Die Verkehrsvorhersage sei dagegen ein stark strukturiertes Problem, das von wenigen Faktoren wie Uhrzeit, Wochentag, Ferienzeit, Großveranstaltungen oder Baustellen abhänge und eine Vorhersage für Monate im Voraus erlaube. »Die meisten Kartenanbieter sagen deswegen schon die Fahrtzeit für einen bestimmten Tag und Uhrzeit in der Zukunft voraus«, konstatiert Gall. Hinzu kommen allerdings noch Faktoren wie Wetter und Unfälle, die man momentan nicht so weit im Voraus vorhersagen könne: »Bei einer Totalsperrung einer Autobahn auf Grund eines Unfalls für mehrere Stunden versagt jede Vorhersage, aber in den meisten Fällen wird die vorhergesagte Fahrtzeit mit einem Auto sehr genau sein.«

Das Interessante ist, dass Verkehrsprognosen ihrerseits die Zukunft beeinflussen.

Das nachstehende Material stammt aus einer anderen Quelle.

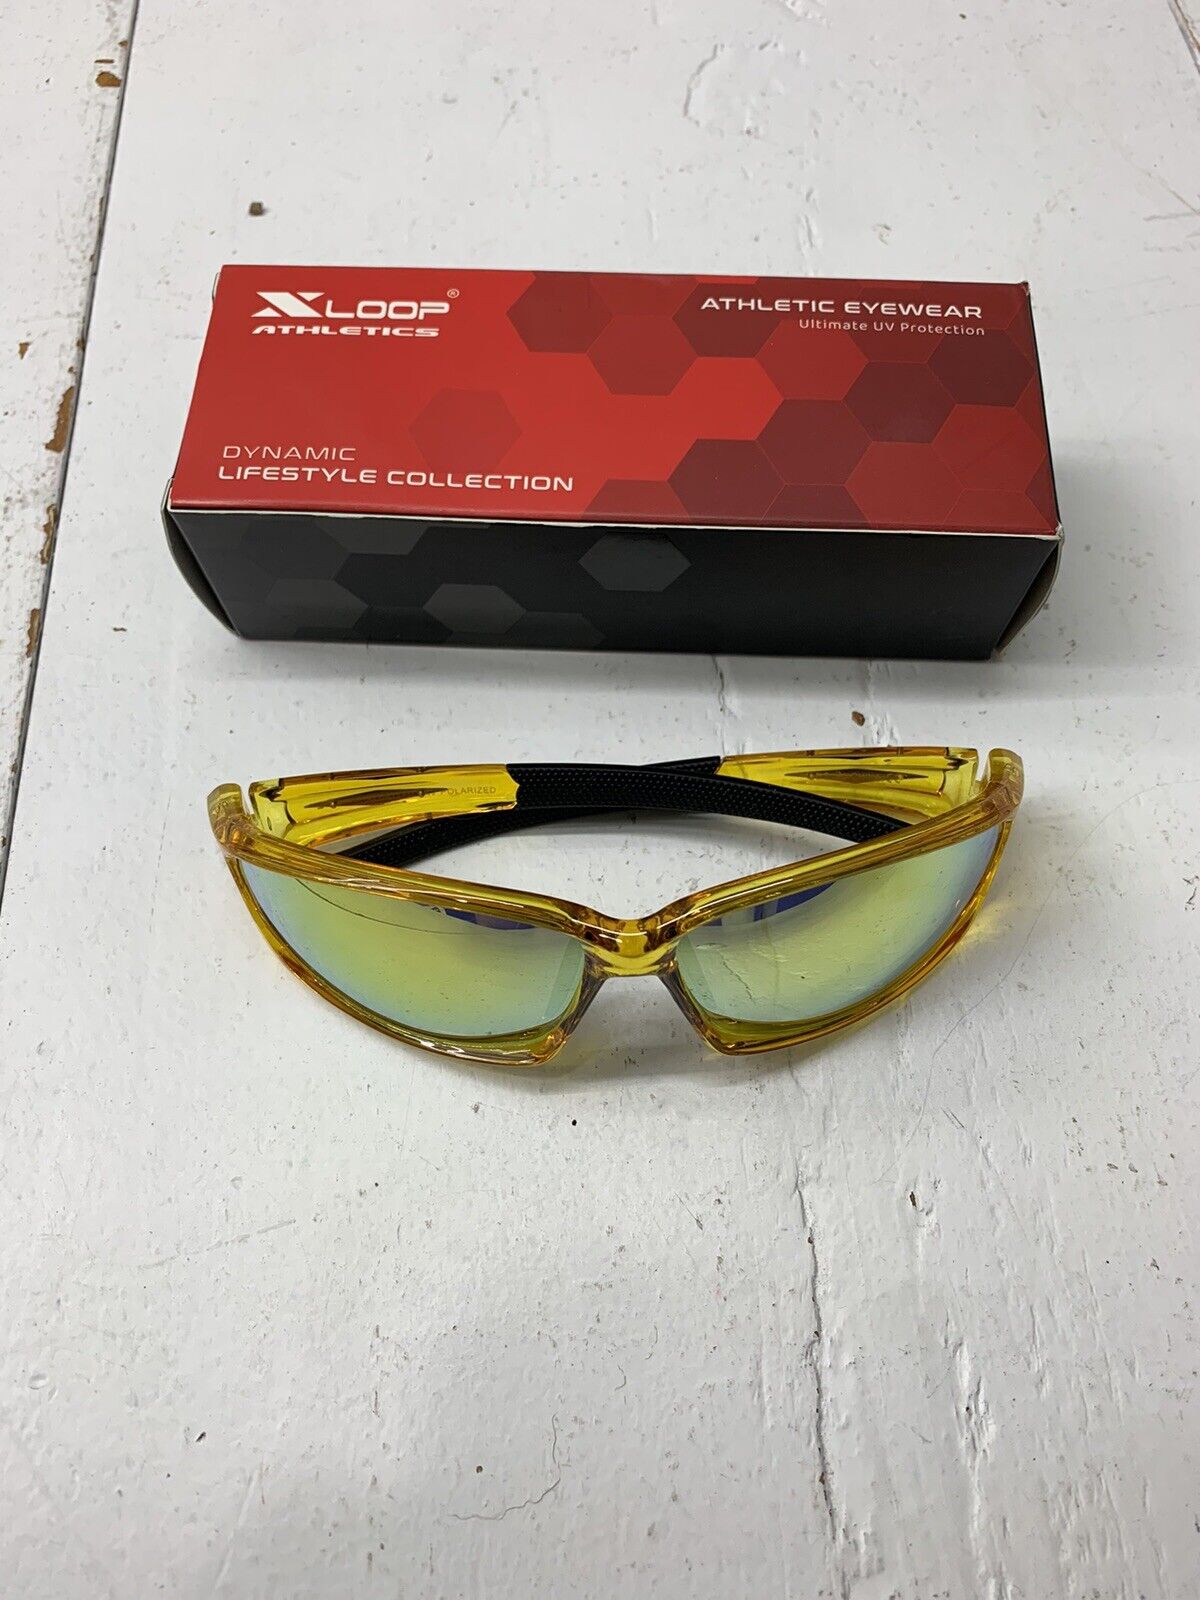 FEIDU Polarized Sunglasses for Men Retro Transparent Black FD2149 NEW! |  eBay

Man macht seine Routenplanung ja häufig von den Stauprognosen eines Navigationsgeräts oder digitalen Kartendiensts wie Google Maps abhängig. Das heißt, die algorithmischen Berechnungen führen ihrerseits zu Verhaltensänderungen. Im Extremfall könne dies zu folgenden Situationen führen: Auf einer Straße ist wenig Verkehr, da alle Routenplaner auf Grund eines vorhergesagten Staus die Straße meiden. Selbiges gelte für den Börsenhandel, meint Gall: Aktien werden gekauft, da ein Modell steigende Kurse vorhersagt. Und die Kurse steigen, da Aktien gekauft werden. Eine selbsterfüllende Prophezeiung. »Ich glaube, dass in vielen Bereichen auf Grund der gemessenen Daten und den enormen Fortschritten im Bereich Deep Learning langfristige Vorhersagen über Monate möglich werden«, schätzt Gall. »Die Vorhersagen werden in 80 bis 95 Prozent der Fälle zuverlässig sein, allerdings bei außergewöhnlichen Ereignissen wie der Totalsperrung der Autobahn danebenliegen.«

Der Informatiker hält es grundsätzlich für möglich, auch soziale Prozesse zu prognostizieren. Die Schwierigkeit bestehe allerdings darin, das Verhalten zu prognostizieren, das durch die Vorhersagemodelle selbst beeinflusst ist. Das sind nicht wenige Unbekannte in der Gleichung, die wohl selbst den schnellsten Superrechner überfordern dürften.